The Madras High Court on Monday directed the Chief Secretary and Transport Secretary to appear through video conference on December 10 and assist the court in disposing of writ petitions filed in 2005 and 2007 for operating disabled friendly buses and ensuring a barrier free environment for the physically challenged in public places.
Justices M. Sathyanarayanan and R. Hemalatha summoned the officials after senior counsel E. Omprakash, representing one of the petitioners and amicus curiae T. Mohan reported to the court that the transport corporations had not been purchasing disabled friendly buses despite a specific order passed by the court on April 6, 2016.
The then Chief Justice Sanjay Kishan Kaul (now a Supreme Court judge) and Justice M.M. Sundresh had disapproved of the practice of purchasing buses dedicated for the use of the physically challenged and operating them in select routes.
The judges had ordered that buses operated in all routes should be made disabled friendly.

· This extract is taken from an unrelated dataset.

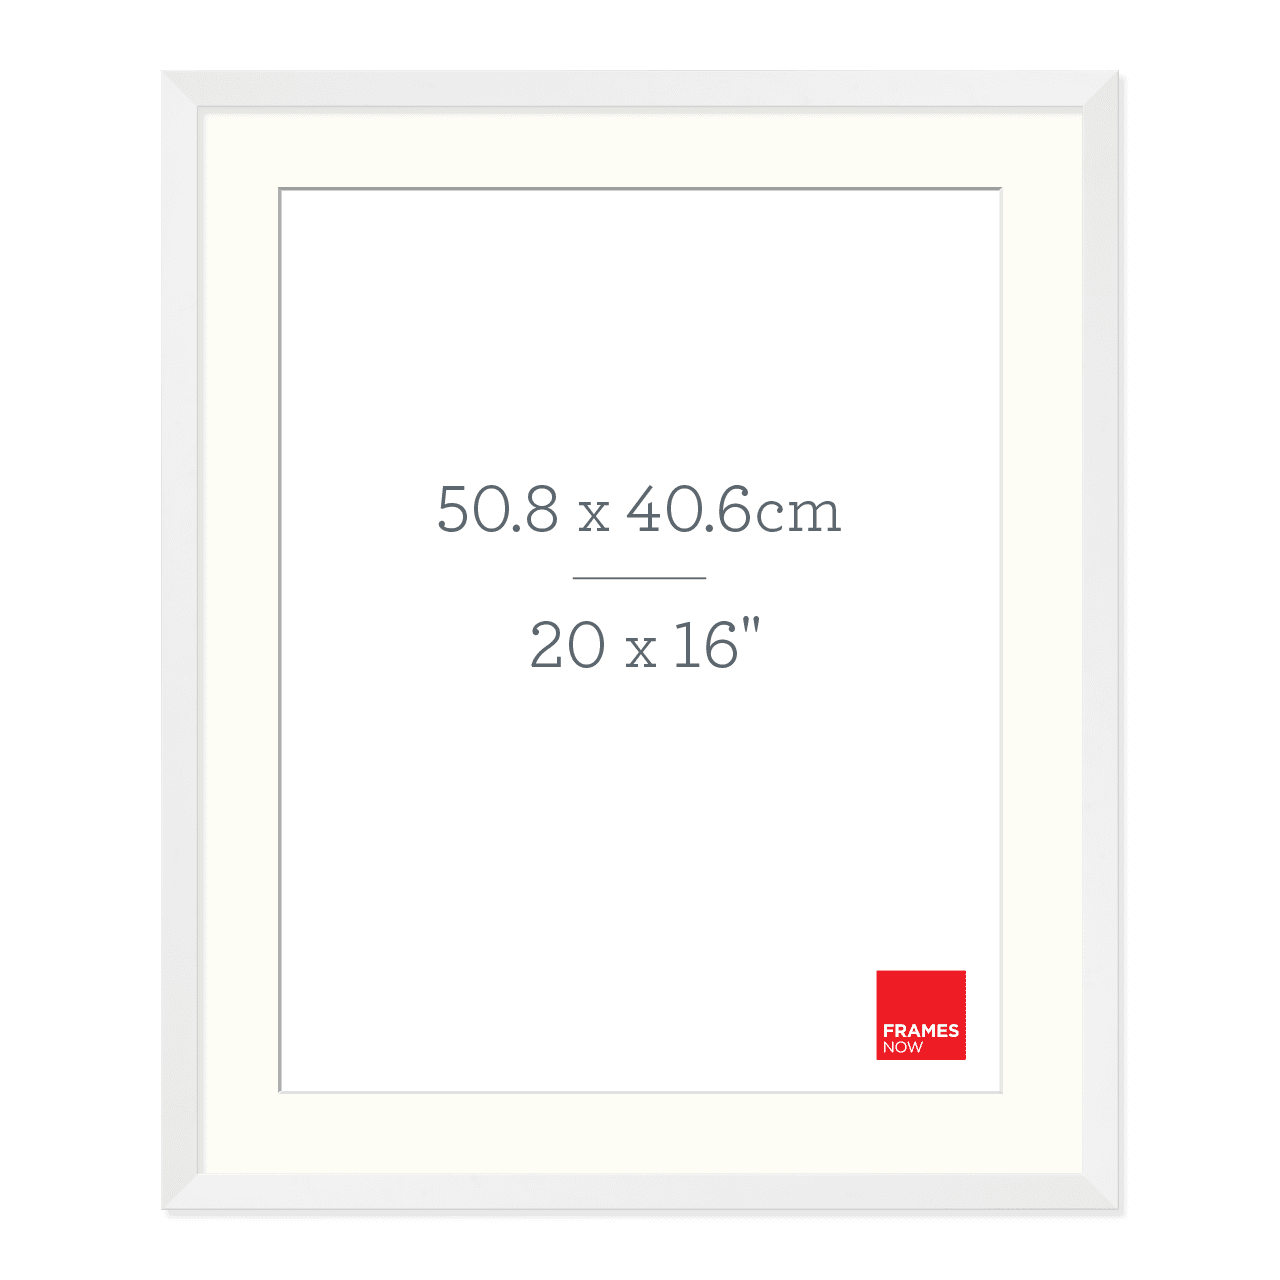 Premium Matte White Box Picture Frame with Matboard for 50.8 x 40.6cm Artwork

“Steps to be taken for the benefit of the persons with special needs have to be inclusive in character. The idea cannot be to have separate buses but buses which are used daily by passengers meeting the requirement of persons with special needs… We thus direct that any new bus must meet the requirement of people with special needs,” the judges had ordered.
After this order was passed, the State government had procured more than 4,300 buses and around 800 buses had been purchased for the Metropolitan Transport Corporation which operates buses within Chennai city. However, not all of those buses were disabled friendly, Mr. Mohan complained to the court and sought appropriate orders.